A safra mundial de grãos 2026/27 enfrenta revisão negativa em meio a um cenário de crescente instabilidade geopolítica. O Conselho Internacional de Grãos (IGC) reduziu sua estimativa de produção global em 3 milhões de toneladas, projetando agora um total de 2,414 bilhões de toneladas.

O principal fator por trás do ajuste é o impacto do conflito no Oriente Médio, que tem afetado diretamente o comércio global de insumos agrícolas, especialmente fertilizantes.
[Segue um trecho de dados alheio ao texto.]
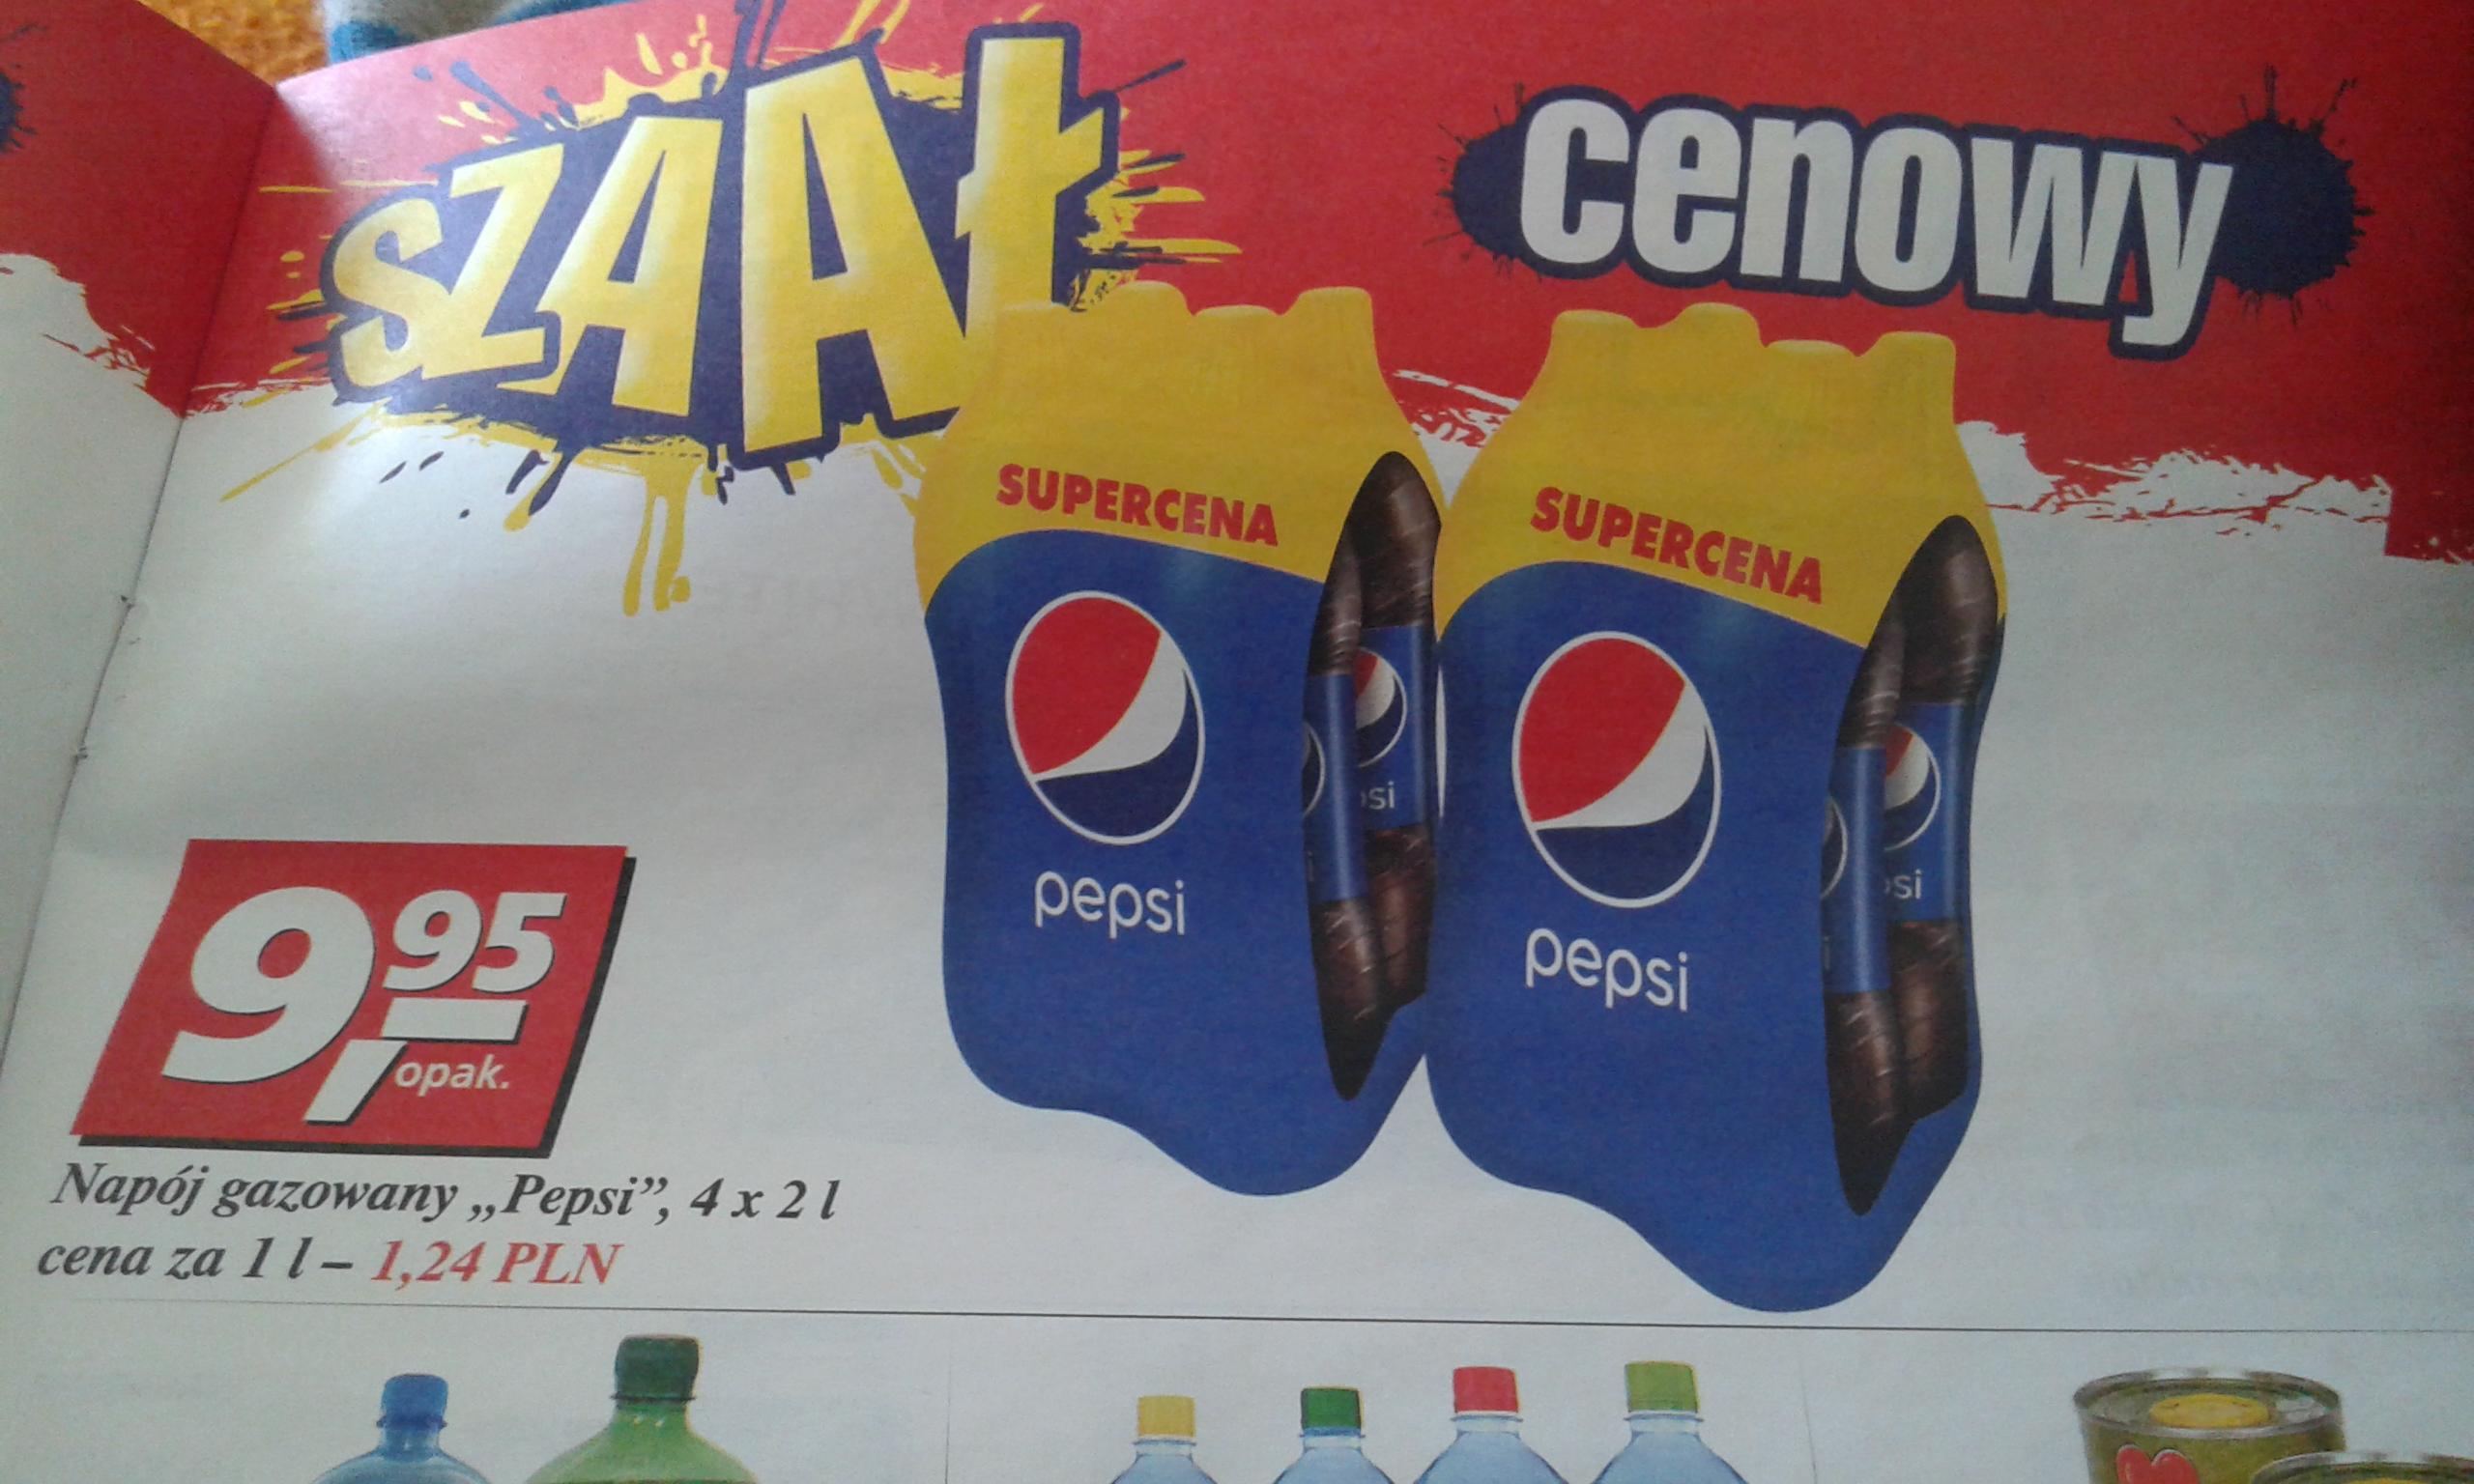 Pepsi 4x2l za 9,95zł @ Real

A interrupção logística em rotas estratégicas elevou a incerteza sobre a capacidade produtiva em diversas regiões.

Apesar do corte, a produção global ainda deve ser a segunda maior já registrada, evidenciando a resiliência da oferta, embora sob pressão.

Mercado Interno

Para o Brasil, o cenário externo mais apertado tende a gerar reflexos importantes. A redução na oferta global pode aumentar a competitividade dos grãos brasileiros, especialmente milho, que possui forte participação nas exportações.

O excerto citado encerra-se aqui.